= National Council for Prescription Drug Programs =

American pharmacy industry standards development organization

The National Council for Prescription Drug Programs (NCPDP) is an American nonprofit standards development organization representing most sectors of the U.S. pharmacy services industry. It was founded in 1977 as the extension of a Drug Ad Hoc Committee that made recommendations for the U.S. National Drug Code (NDC). It is based in Scottsdale, Arizona.
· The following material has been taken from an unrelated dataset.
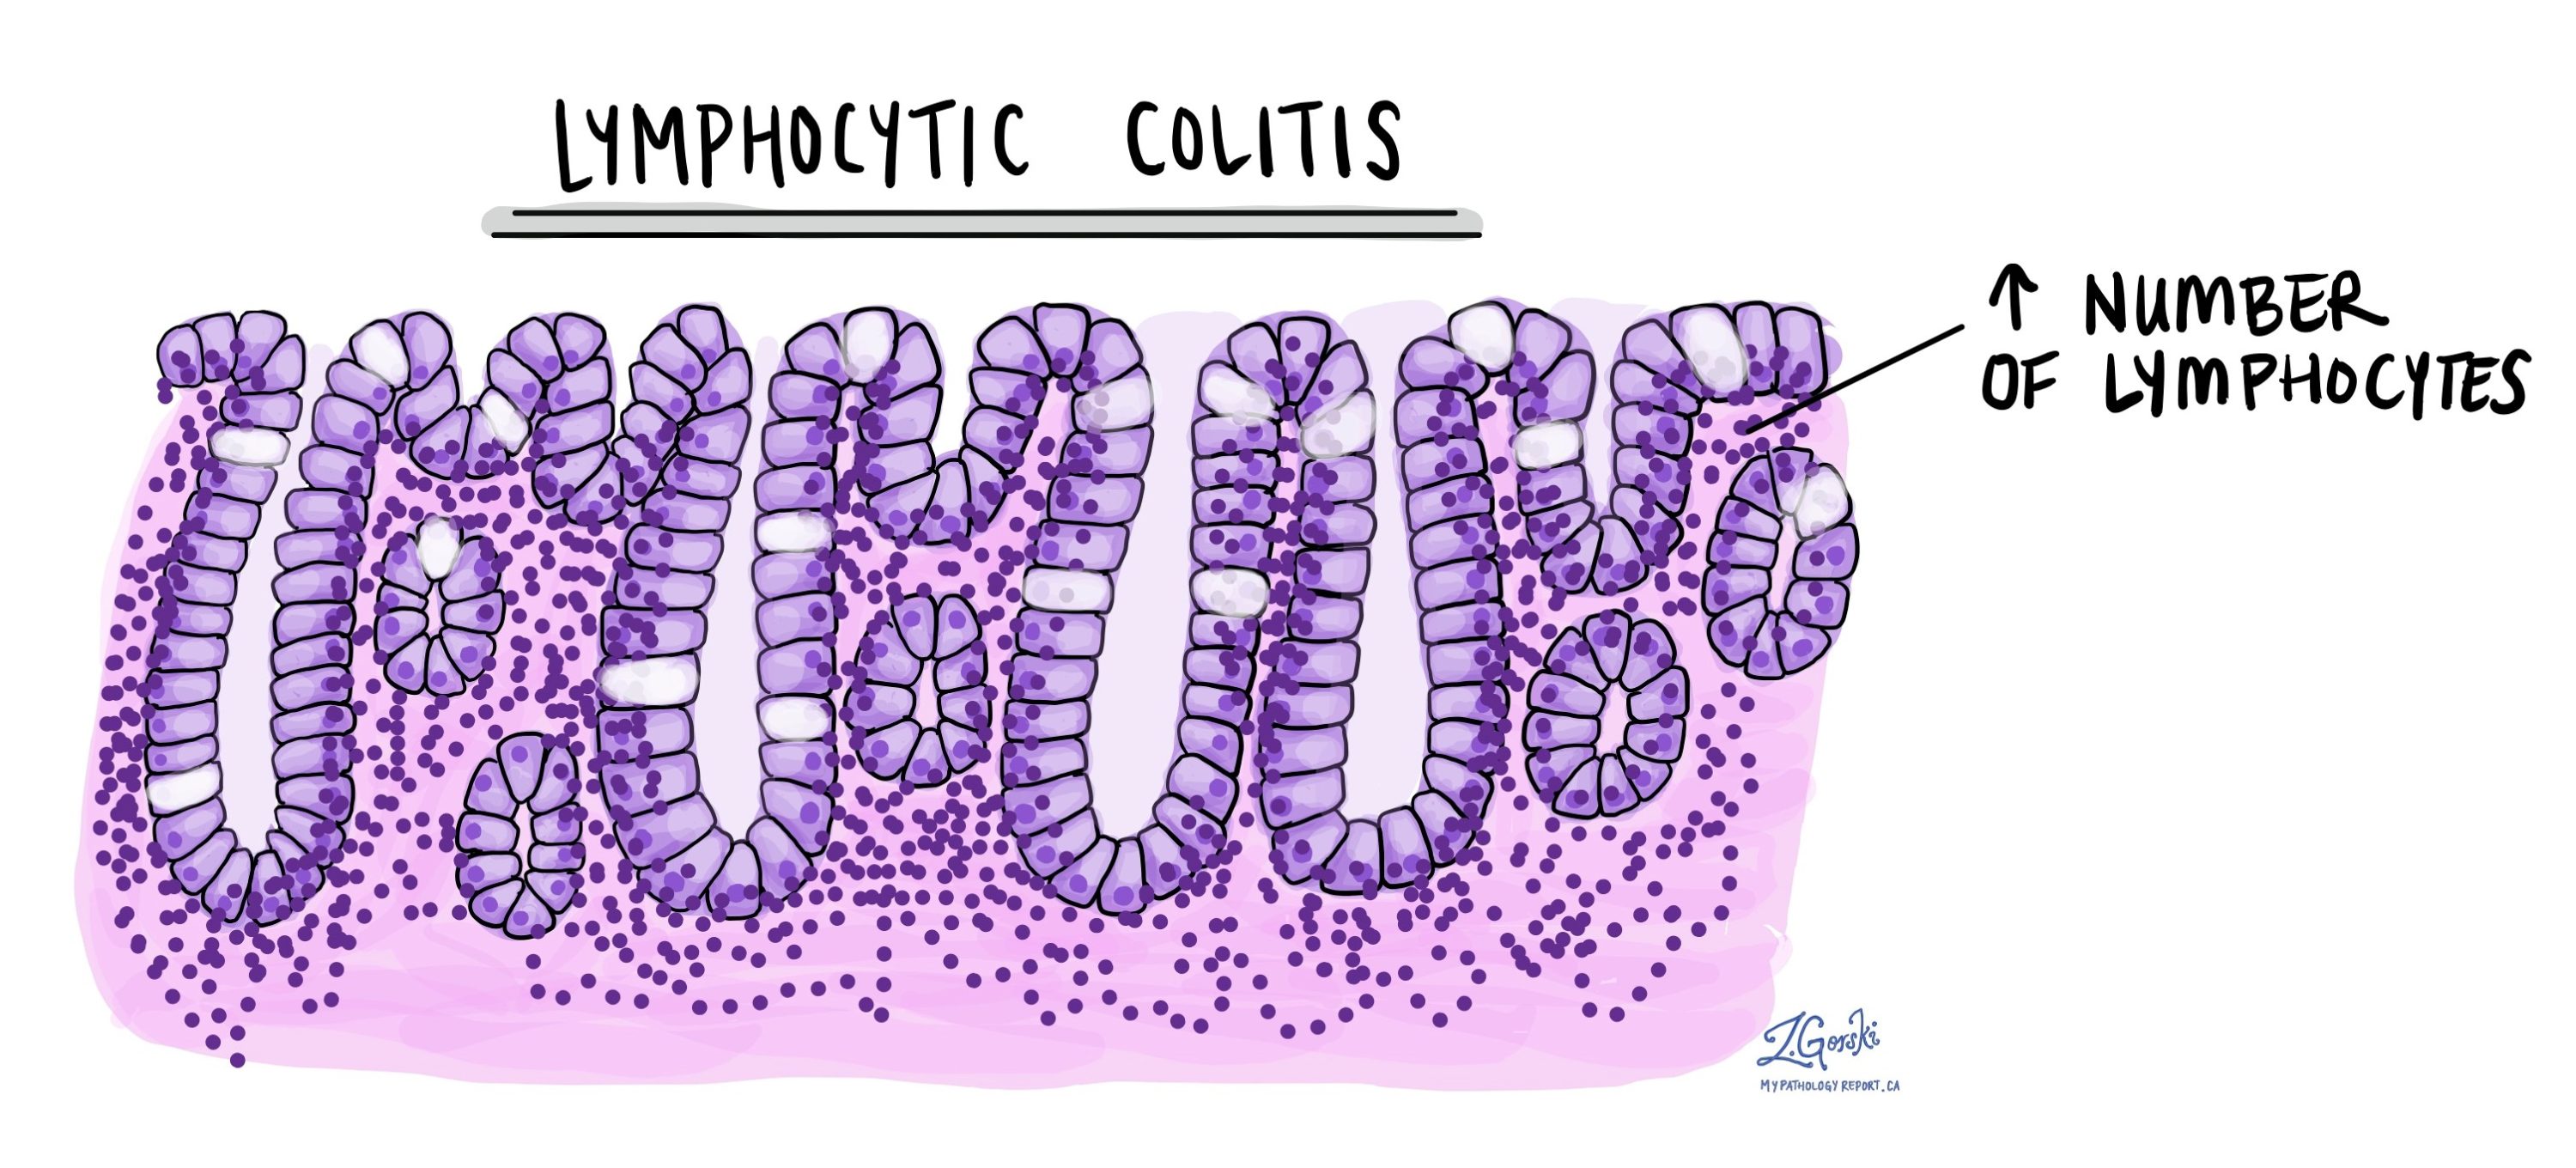 Lymphocytic Colitis

NCPDP has been named in U.S. federal legislation, including the Health Insurance Portability and Accountability Act (HIPAA) and the Medicare Prescription Drug, Improvement, and Modernization Act. NCPDP members have created standards such as the Telecommunication Standard and Batch Standard, the SCRIPT standard for electronic prescribing, the Manufacturers Rebate Standard, and more to improve communication within the pharmacy industry.

== Members ==
NCPDP participants include most segments involved in the pharmacy services sector of healthcare. The membership is in three categories:
- Producer/Provider: includes all types of retail pharmacies (including chains, independents, and online pharmacies), pharmaceutical manufacturers, and long-term care providers.
- Payer/Processor: includes pharmacy benefit management companies, health insurers, state and federal agencies, and health maintenance organizations.
- Vendor/General Interest: includes healthcare consultants, systems vendors, database management organizations, physician service organizations, professional/trade associations, and wholesale drug distributors.